Project Summary Meiosis is the cell division process that is essential for sexual reproduction because it creates haploid gametes from diploid precursor cells. Chromosome segregation during meiosis I (MI) is unique because replicated sister chromatids remain attached to one another while homologous chromosome pairs segregate. In humans, mistakes in MI occur are strikingly high in female gametes (oocytes), resulting in infertility, miscarriage, or birth defects, yet the molecular mechanisms that control MI are poorly understood. Work in our lab has been instrumental in dissecting the signaling mechanisms used to control MI to explain this phenomenon. The Aurora protein kinase family is comprised of three members: AURKA, AURKB and AURKC. The AURKs are essential regulators of chromosome segregation in mitosis, and their activities are required for completing MI chromosome segregation. AURKC expression is limited to gametes and is aberrantly expressed in some cancers. Yet, because AURKC shares high sequence homology with AURKB standard approaches to understand their MI-specific functions were not sufficient. Our expertise in creating and evaluating oocyte- specific AURK knockout mice has afforded us the ability to unravel the mystery of why oocytes contain two kinases that are similar to one another. Not only have we identified AURKB and AURKC functions that are distinct from one another, we have discovered that the three AURKs regulate one another. In this proposal, we aim to continue to dissect the requirements for each AURK during MI, and to determine how and why the AURKs regulate one another. By studying the functions of all three AURK family members, we will uncover the evolutionary benefit and the consequences of expressing three AURKs. To do so we will: 1) Elucidate how AURKA and AURKC counter-acting activities are required to build an MI spindle, 2) examine cell lines that aberrantly express AURKC to determine if these counter-acting activities drive aneuploidy in mitosis, and 3) determine how AURKB regulates proteins required for the spindle assembly checkpoint during MI. Information gained from our studies will help us fully understand how these kinases operate during MI while highlighting distinct differences between how mitosis and MI are controlled. Importantly, these data will shed light on how MI chromosome segregation is controlled in oocytes and why it commonly goes awry in women leading to aneuploidy.

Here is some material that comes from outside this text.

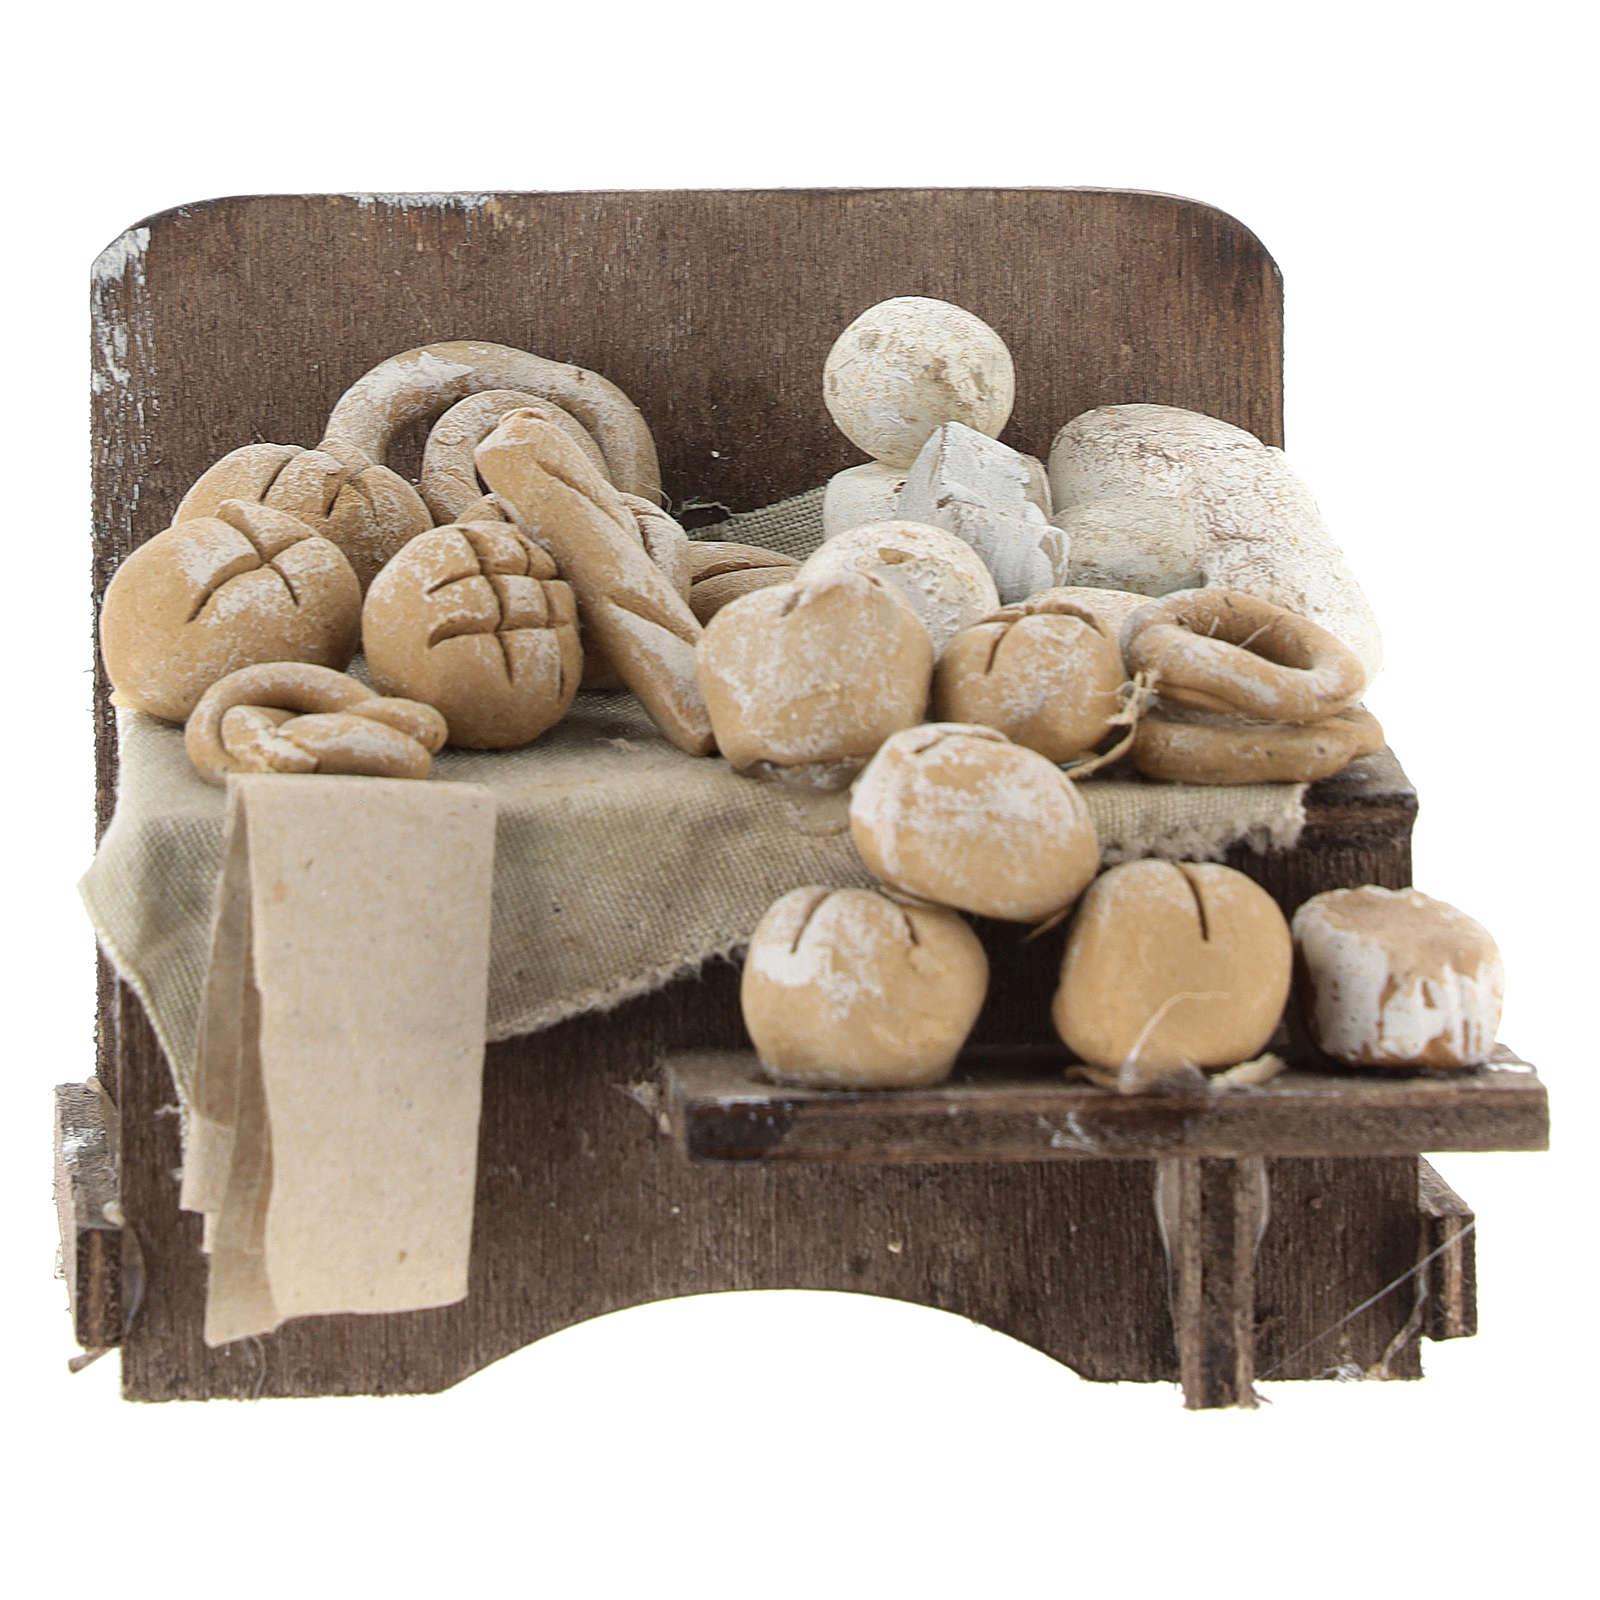 Banco con pan y quesos 7x9x8 cm belén napolitano 4

项目摘要 减数分裂是有性繁殖所必需的细胞分裂过程，因为它产生单倍体配子。 来自二倍体前体细胞。减数分裂I(MI)期间的染色体分离是独特的，因为复制的姐妹 当同源染色体对分离时，染色单体保持彼此连接。在人类身上， MI的错误发生在女性配子(卵母细胞)中的比例高得惊人，导致不孕、流产或出生。 然而，控制心肌梗死的分子机制却知之甚少。我们实验室的工作一直是 有助于剖析用于控制心肌梗死的信号机制，以解释这一现象。 Aurora蛋白激酶家族由三个成员组成：AURKA、AURKB和AURKC。奥里克一家 是有丝分裂中染色体分离的重要调节因子，它们的活动是完成 小鼠染色体分离。AURKC的表达仅限于配子，在一些 癌症。然而，因为AURKC与AURKB有很高的序列同源性，所以标准方法 了解他们特定于MI的功能是不够的。我们在创造和评估卵母细胞方面的专业知识- 特定的AURK基因敲除小鼠使我们有能力解开为什么卵母细胞含有两个 彼此相似的蛋白激酶。我们不仅确定了AURKB和AURKC函数 不同的是，我们发现这三个AURK是相互制约的。在这项提案中，我们 目的是继续分析MI期间每个AURK的需求，并确定如何以及为什么 AURK相互监管。通过研究AURK家族所有三个成员的功能，我们将揭示 进化利益和表达三个AURK的后果。为此，我们将：1)阐明如何 AURKA和AURKC的反作用活动是建立MI纺锤体所必需的，2)检查细胞系 异常表达AURKC以确定这些反作用活动是否导致有丝分裂中的非整倍体，以及3) 确定AURKB如何调节MI期间主轴组件检查点所需的蛋白质。 从我们的研究中获得的信息将帮助我们充分了解这些激酶在心肌梗死期间是如何运作的 突出了有丝分裂和心肌梗死如何控制之间的明显差异。重要的是，这些数据将 MI染色体分离是如何在卵母细胞中被控制的，以及为什么它在女性中经常出错 导致非整倍体。